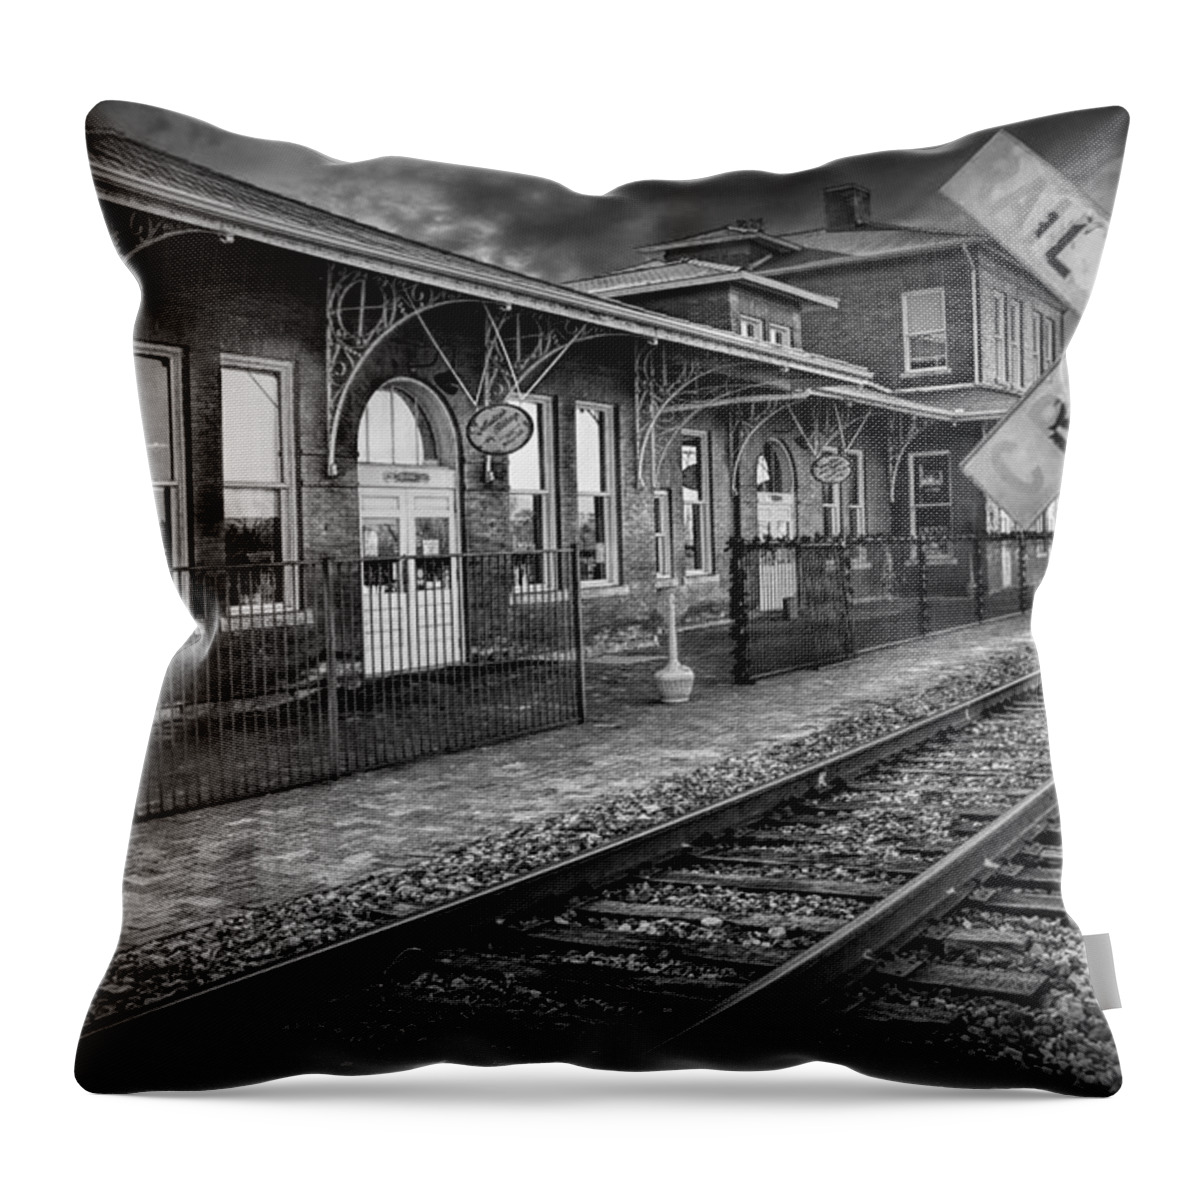 Station Throw Pillow featuring the photograph Old Train Station with Crossing Sign in Black and White by Randall Nyhof
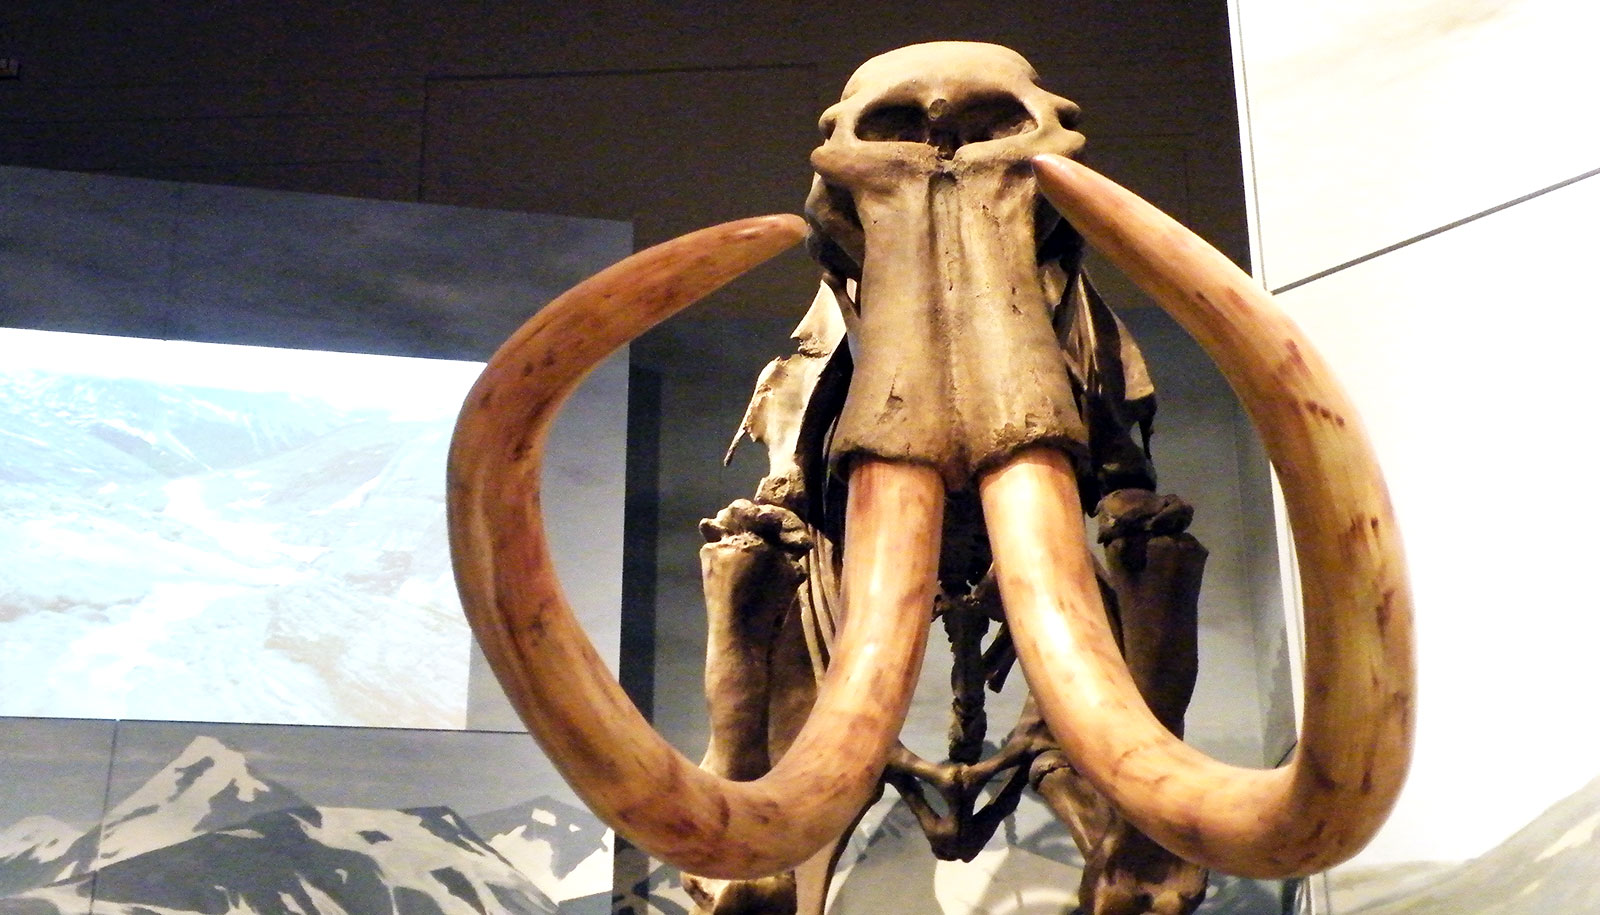 Mammoth bones hint humans were in N. America earlier than thought
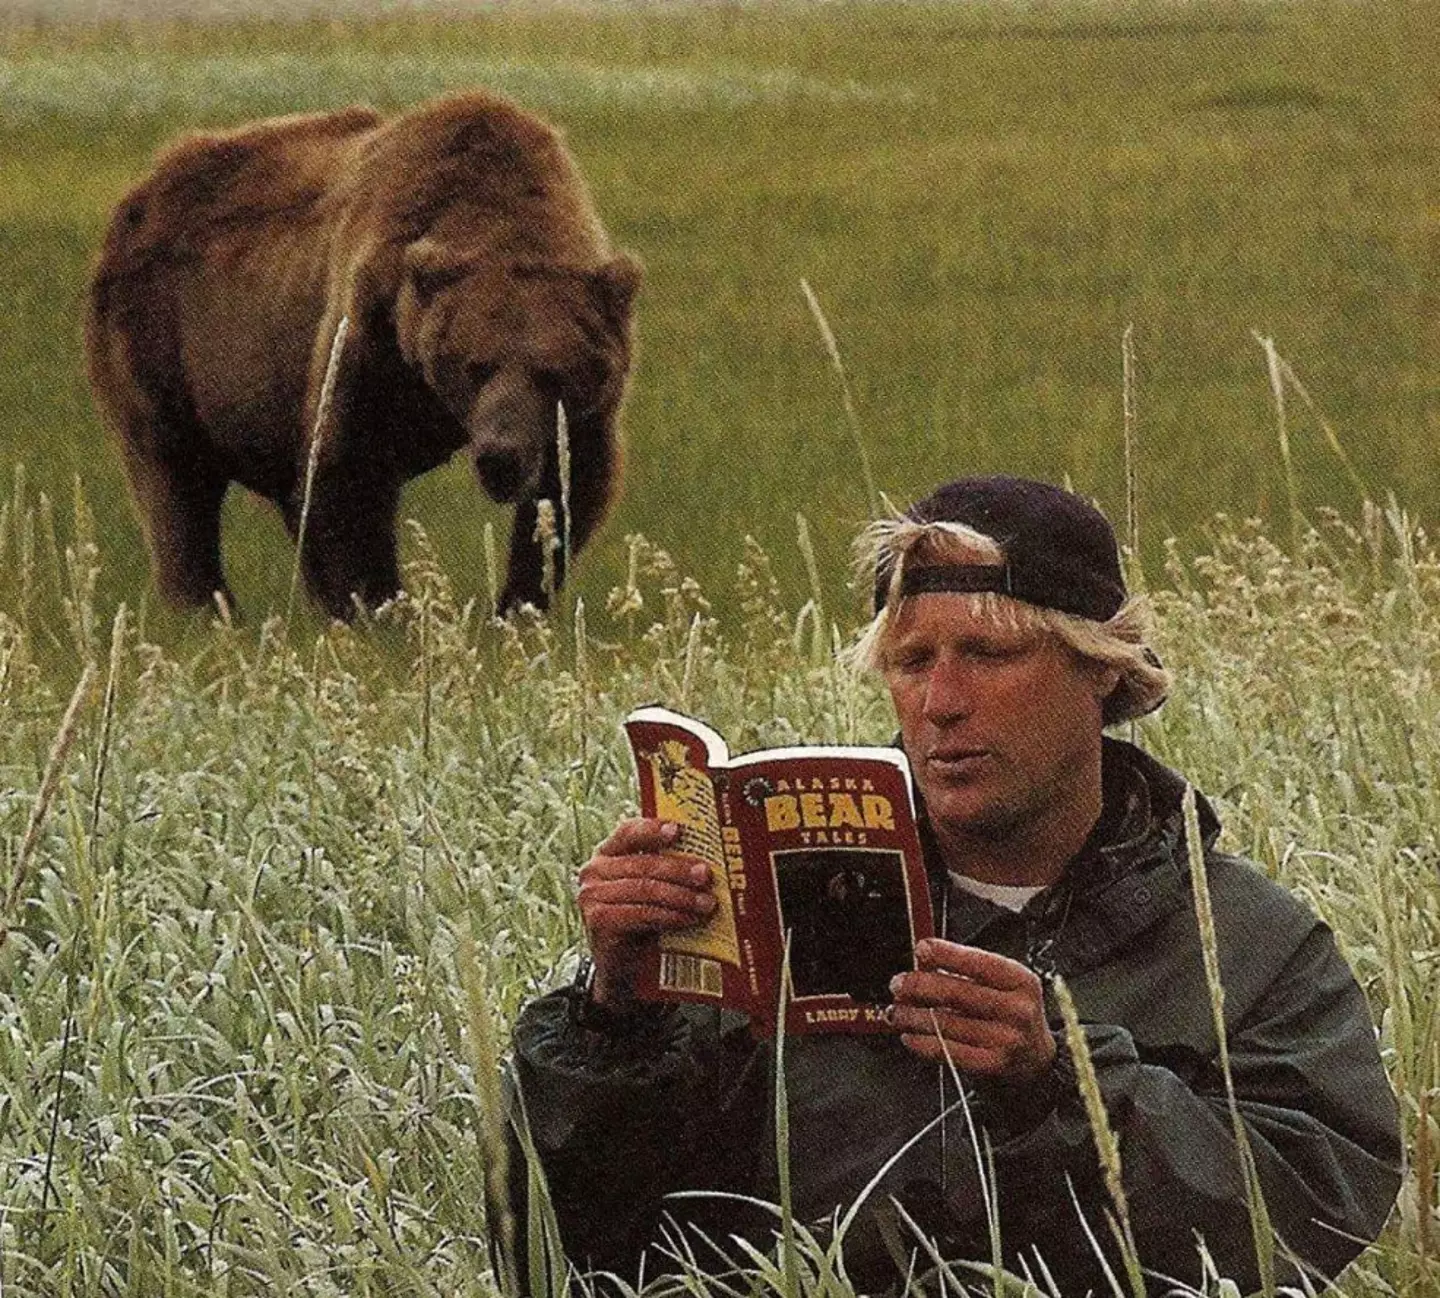 Timothy Treadwell's love of bears ended up costing him his life. (Lionsgate Films)
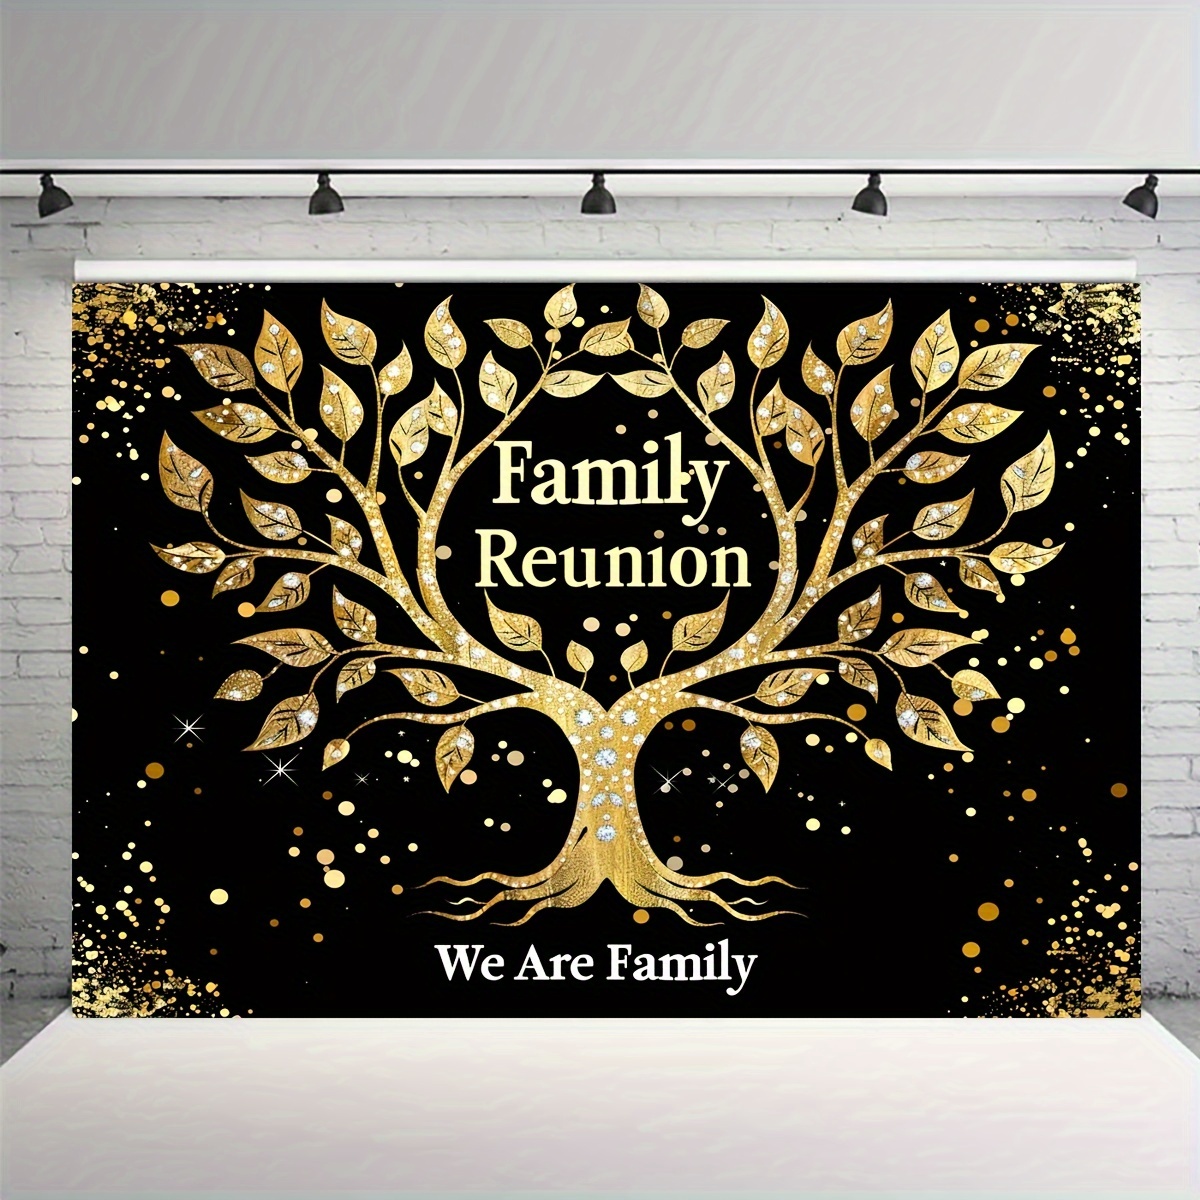 Family Reunion Backdrop Banner – Polyester Black and Gold Family Tree Party Decoration, Multipurpose Photo Background for Gatherings, Fall and Winter Holiday Events, No Electricity Needed – 1pc
______________________________
* _Your task_
The task calls for every line of the data to be returned exactly, without pictures.

* _Solution to this exercise_
 Station Throw Pillow featuring the photograph Old Train Station with Crossing Sign in Black and White by Randall Nyhof
 Mammoth bones hint humans were in N. America earlier than thought
 Timothy Treadwell's love of bears ended up costing him his life. (Lionsgate Films)
 Family Reunion Backdrop Banner – Polyester Black and Gold Family Tree Party Decoration, Multipurpose Photo Background for Gatherings, Fall and Winter Holiday Events, No Electricity Needed – 1pc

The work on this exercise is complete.